Mimicking the complex movement of a human hand is not an easy task for roboticists. As well as multiple bones and joints, there are tendons, ligaments, muscles, nerves and more to try and match. Researchers from the University of Cambridge have looked at simplifying the design and cutting back on the programming required to control a robotic hand, and developed a piano-playing soft skeleton bot that rocks the keyboard.

The robot hand was 3D-printed on a Stratasys Connex 5000 3D printer using soft and rigid materials that essentially replicated the bones and ligaments of a human hand. This was attached at the wrist to a UR5 robotic arm, which allowed for precise control of the skeletal hand using a Python API.

The fingers don't have any actuators or hydraulics so can't move on their own, but by twisting the hand at the wrist, the researchers managed to get digits to pick out keys on the piano keyboard and roll off simple tunes. And thanks to 3D printing, the researchers were able to vary the stiffness of the ligaments between the bones, allowing for playing and movement flexibility.

"Our bodies consist of smart mechanical designs such as bones, ligaments, and skins that help us behave intelligently even without active brain-led control," said project lead Dr. Fumiya Iida. "By using the state-of-the-art 3D printing technology to print human-like soft hands, we are now able to explore the importance of physical designs, in isolation from active control, which is impossible to do with human piano players as the brain cannot be 'switched off' like our robot."

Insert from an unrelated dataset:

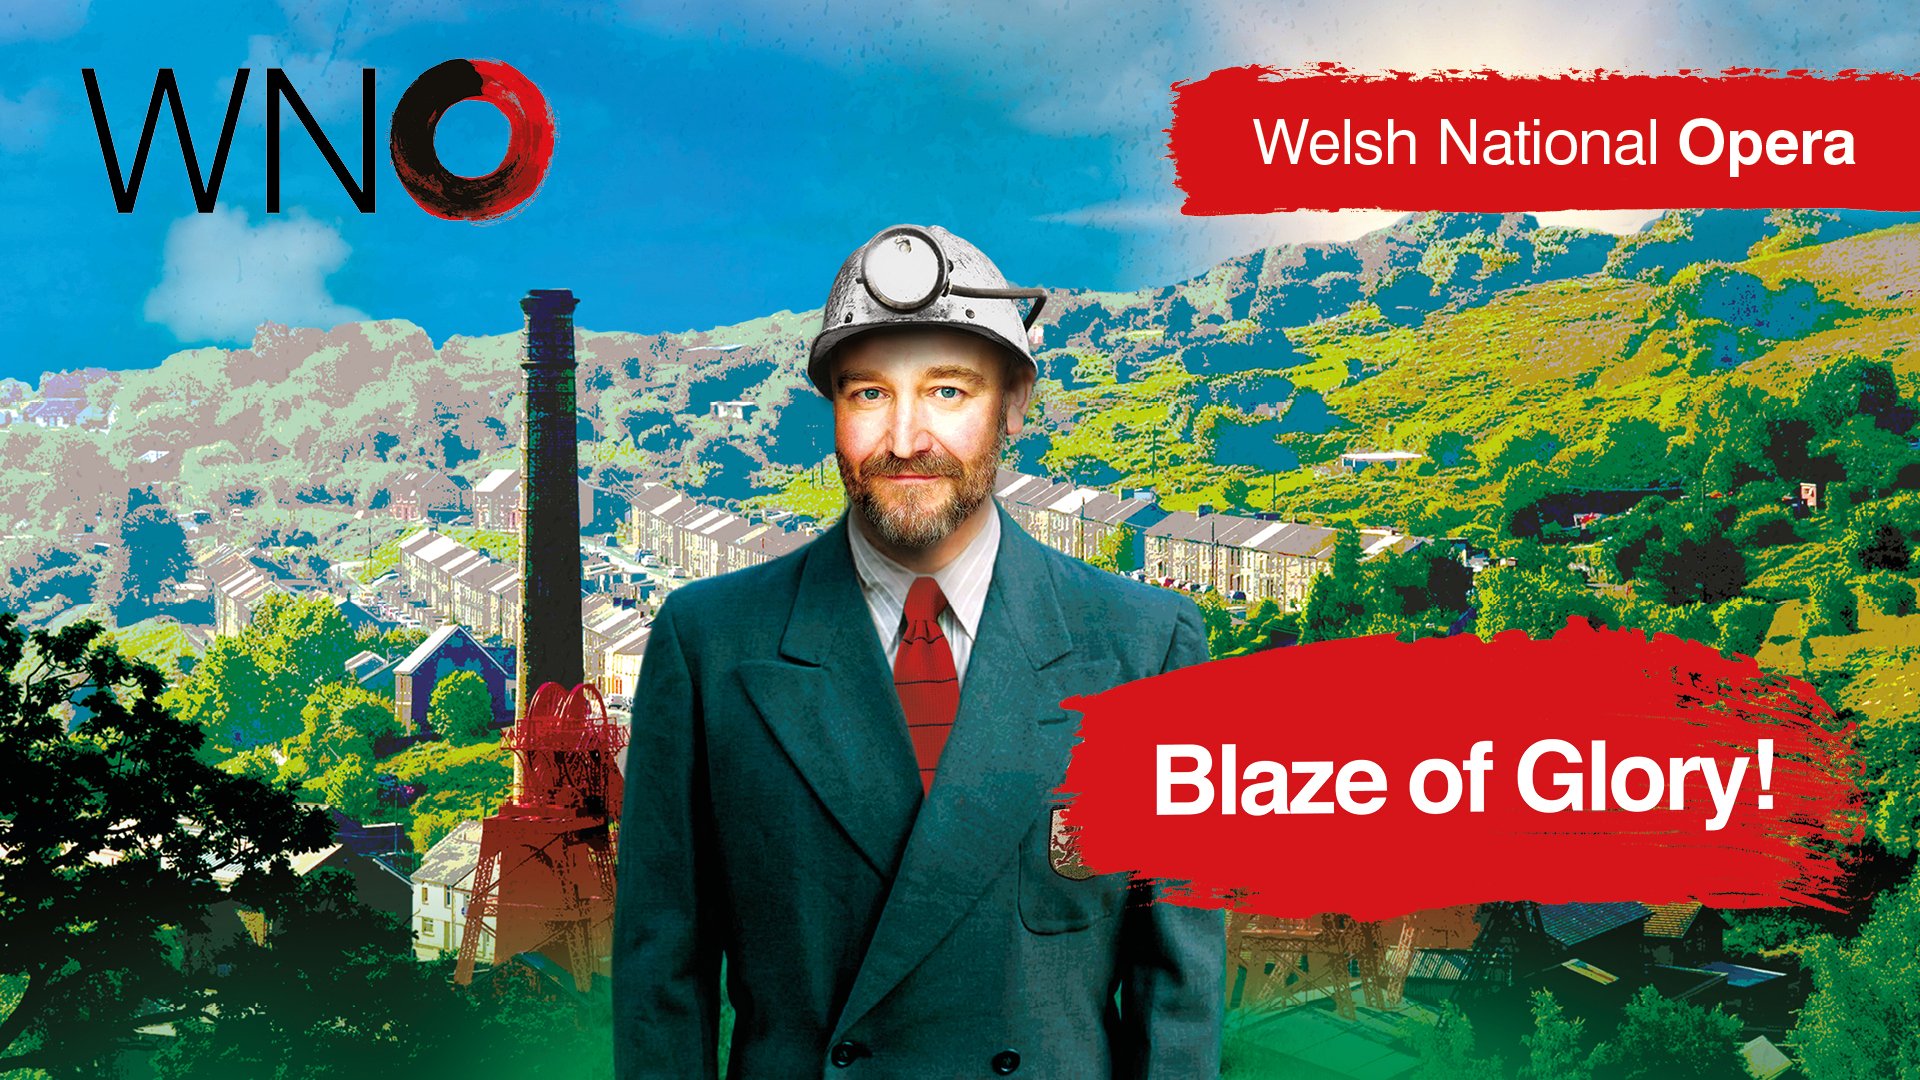 Welsh National Opera – Blaze of Glory!

The scientists looked at single finger tapping, thumb motion and hand span behavior. Four single fingers were used for the first series of experiments, where different control parameters were observed. The thumb motion experiments involved both the thumb and index finger of the design, aiming to replicate the behavior of human players when smoothly moving sequentially over notes. And jumps and transitions were the aim of the game when looking at full hand span behavior.

Force-sensing resistors on the piano fed playing data to an Arduino microcontroller in real time to measure behaviors and performance.

"We can use passivity to achieve a wide range of movement in robots: walking, swimming or flying, for example," said the team's Josie Hughes. "Smart mechanical design enables us to achieve the maximum range of movement with minimal control costs: we wanted to see just how much movement we could get with mechanics alone."

There are many examples of more advanced robot hands, and this one isn't going to win any piano playing competitions, but the researchers say that it could lead to the design of robots capable of more natural movement while cutting back on energy use.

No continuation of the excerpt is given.